El despiadado ataque de Hamas en la madrugada del sábado 7 de octubre fue una sorpresa. El muy prestigioso servicio de inteligencia de Israel no fue capaz de prever una ofensiva por tierra, mar y aire que segó en pocas horas la vida de cientos de personas: los asistentes a un festival musical y decenas de personas -hombres, mujeres, niños- en sus hogares.
El general retirado Yaakov Amidror, exconsejero de Seguridad Nacional israelí, sostuvo que fue “un enorme fracaso del sistema de inteligencia y del aparato militar”.
Hubo quienes anticiparon lo ocurrido. No en la forma en que ocurrió sino como la inevitable conclusión de una larga política de hostigamiento. “Un error fatal”, escribió el historiador israelí Jacob Talmon al primer ministro Begin, al referirse a la política de ocupación y a los asentamientos en Cisjordania y en Gaza.
Premonitoriamente, tituló su misiva “La patria en peligro”.
Eso fue hace más de 40 años. Menos de 40 años antes, cuando nació Israel, el espíritu de los fundadores era muy distinto. Afirmaba el acta de la independencia: “Exhortamos… a los habitantes árabes del Estado de Israel a mantener la paz y participar en la construcción del Estado sobre la base de plenos derechos civiles y de una representación adecuada en todas sus instituciones provisionales y permanentes”. Parecido gesto se hizo entonces a los países árabes.
Pese a tales propósitos, el rechazo árabe al nuevo Estado generó a lo largo de los tres cuartos de siglo siguientes, un ambiente de permanente beligerancia y un cambio de fondo en la actitud de buena parte de la sociedad israelí.
La de 2023 es una guerra poco común… si es que hay conflictos armados que sean comunes.
Pese a sus raíces bíblicas, Israel es un estado moderno. Su actual adversario es un movimiento calificado como terrorista por Estados Unidos y sus aliados, cuya base de operaciones es Gaza, ciudad con una historia que se remonta al siglo XV antes de Cristo.
La fundación del Estado de Israel fue el resultado esperado de la decisión de la ONU del 29 de noviembre de 1947 de dividir el territorio de Palestina en dos Estados: uno judío y otro árabe.
El movimiento sionista con David Ben Gurión a la cabeza, pragmático, aceptó la resolución.
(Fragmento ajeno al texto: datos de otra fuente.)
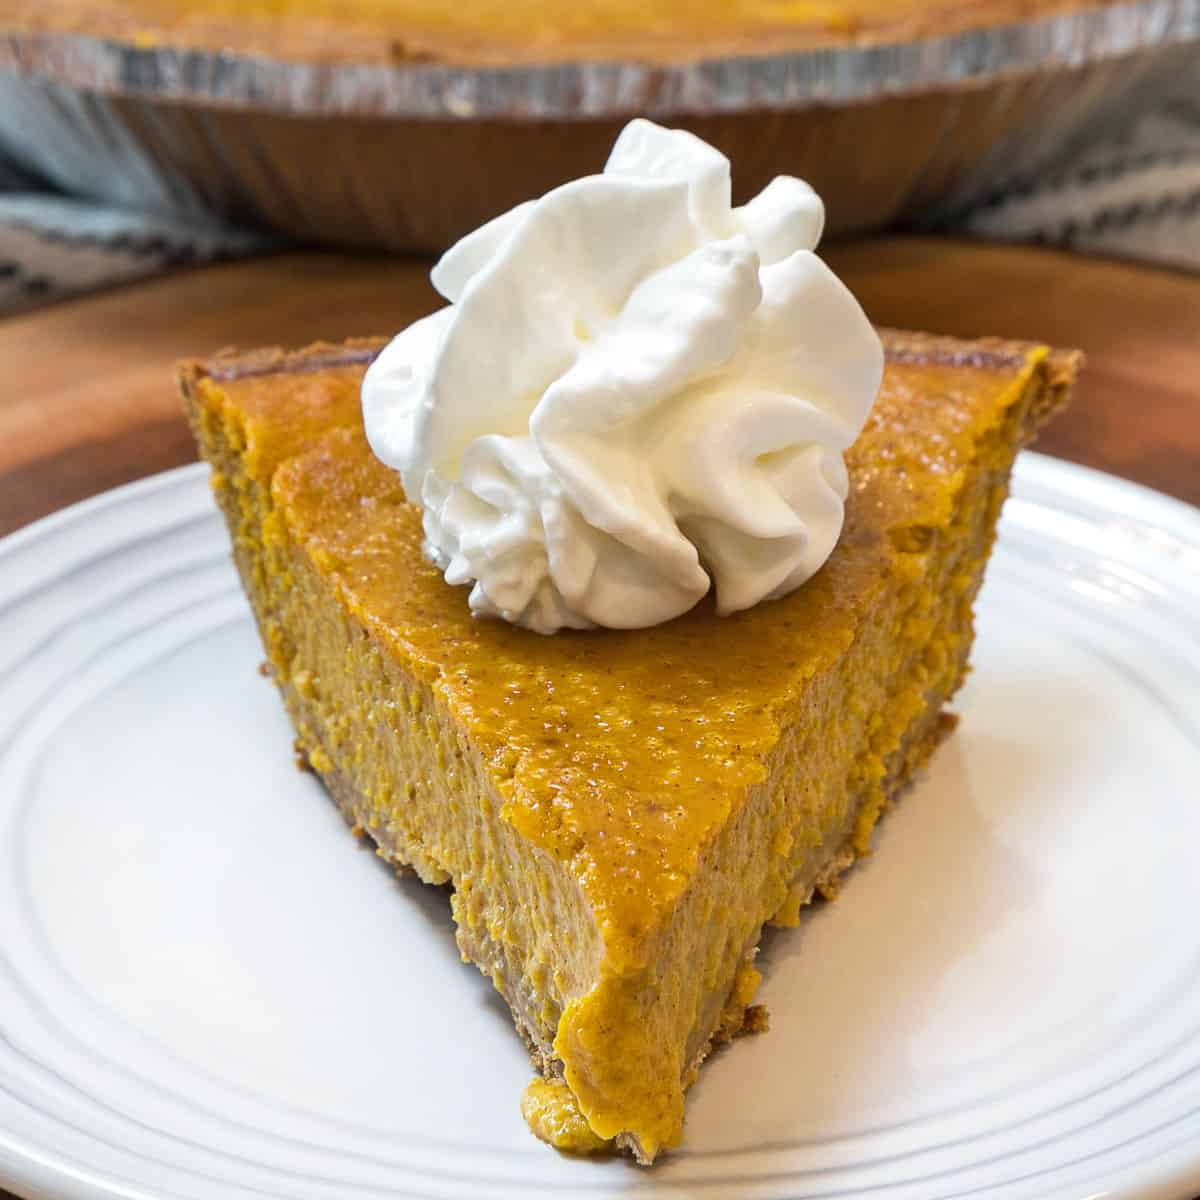 Libby’s Pumpkin Pie Recipe for 2 Pies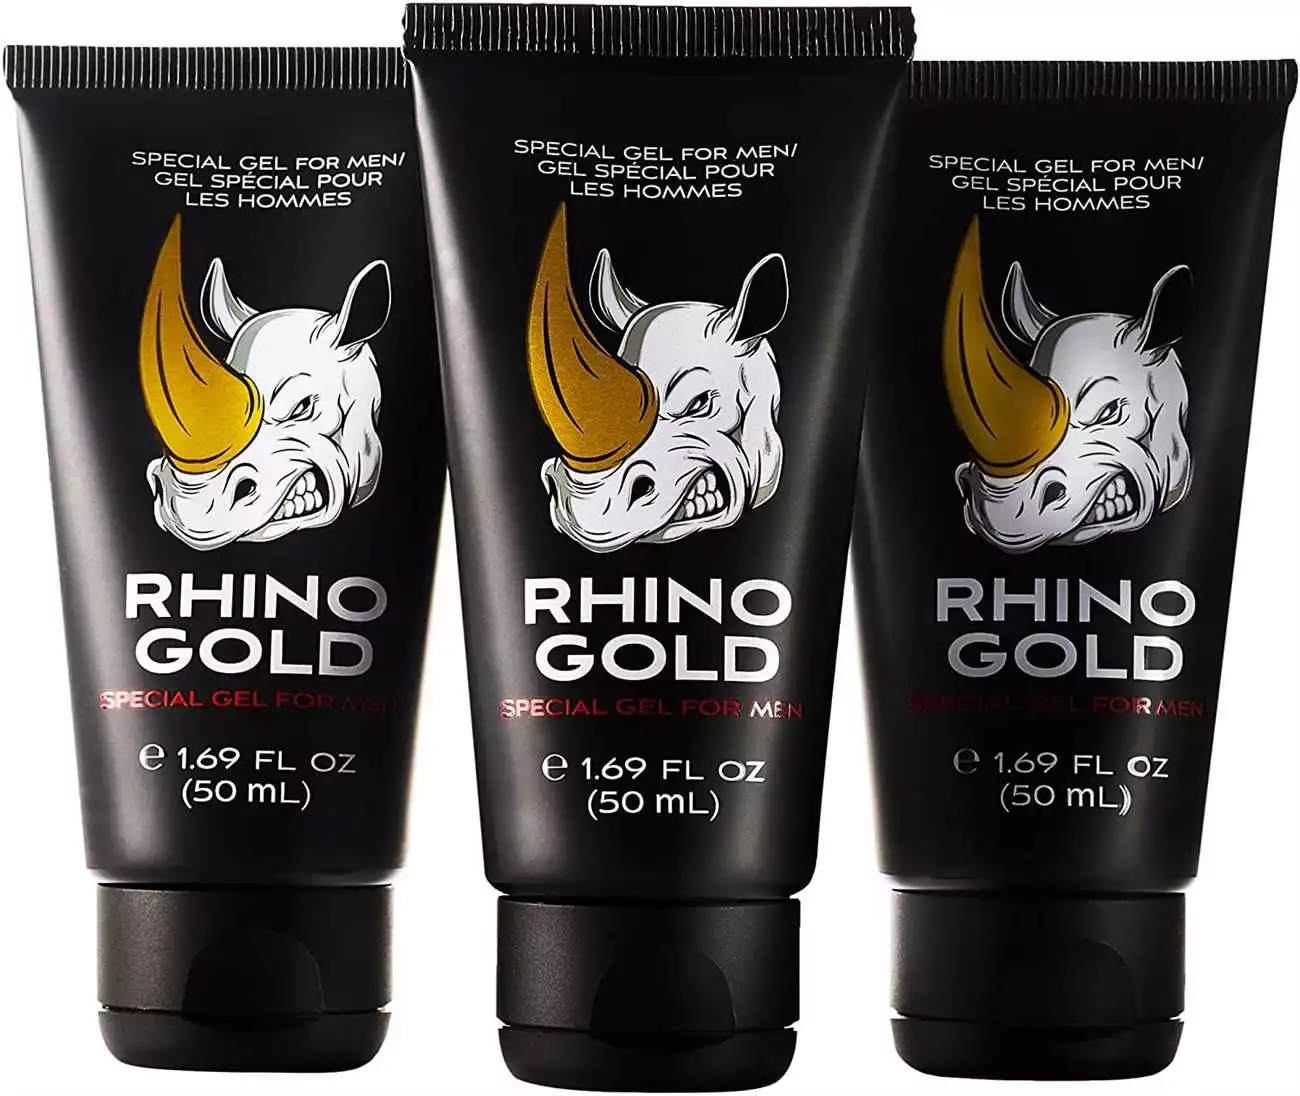 Rhino Gold Gel En Reus Comprar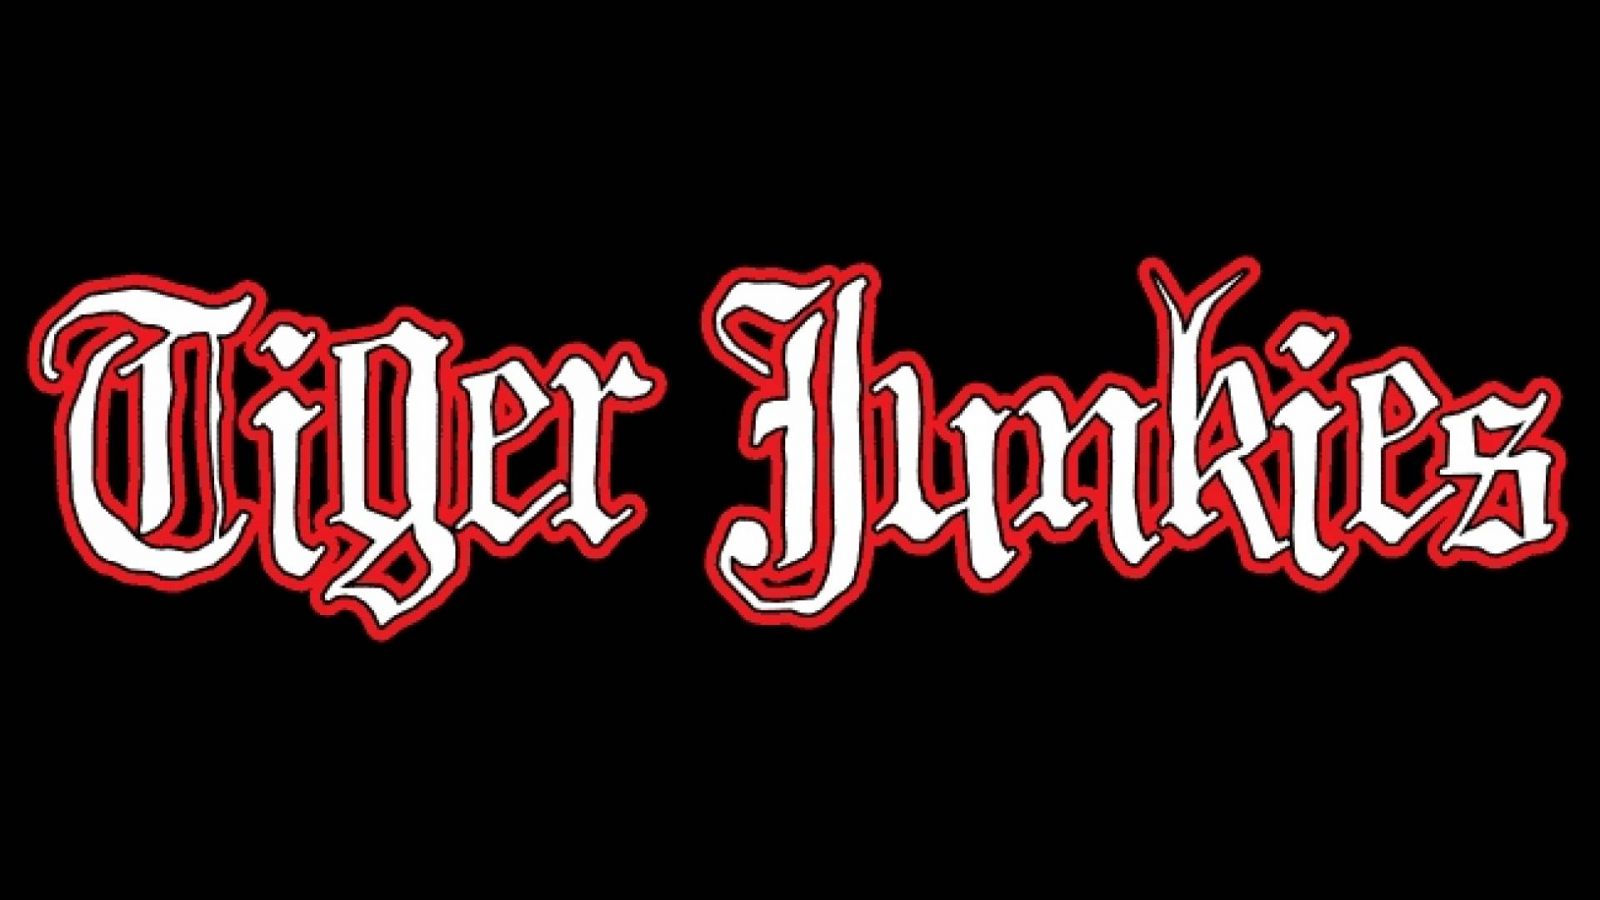 TIGER JUNKIES © TIGER JUNKIES. All Rights Reserved

Pero los árabes (palestinos y no palestinos) bajo un liderazgo más cerrado ideológicamente, no aceptaron la resolución que les daba también a ellos un estado. Era todo o nada.
Desde entonces han estallado cuatro guerras “formales” e innumerables incidentes sangrientos. Algunos gobiernos han moderado sus acciones, pero no así los grupos extremistas.
Esta polarización hace que nadie se atreva ahora a pronosticar el resultado final ni la duración de los enfrentamientos.
Paradojalmente, representantes del extremismo israelí -más allá de convocatoria a la unidad nacional- han reaccionado en términos que recuerdan las peores expresiones antisemitas.
Se han emitido amenazas de exterminio contra los terroristas de Hamas con medidas extremas: “No se activará ni un solo interruptor eléctrico, ni un solo grifo se abrirá, y no entrará ni un solo camión de combustible hasta que los rehenes israelíes regresen a casa”, proclamó el ministro de Energía, Israel Katz, en las redes sociales. Otras voces hablan de un “desastre humanitario”.
Ni el tiempo ni las heridas han corregido el “error” que denunció Talmon en 1980.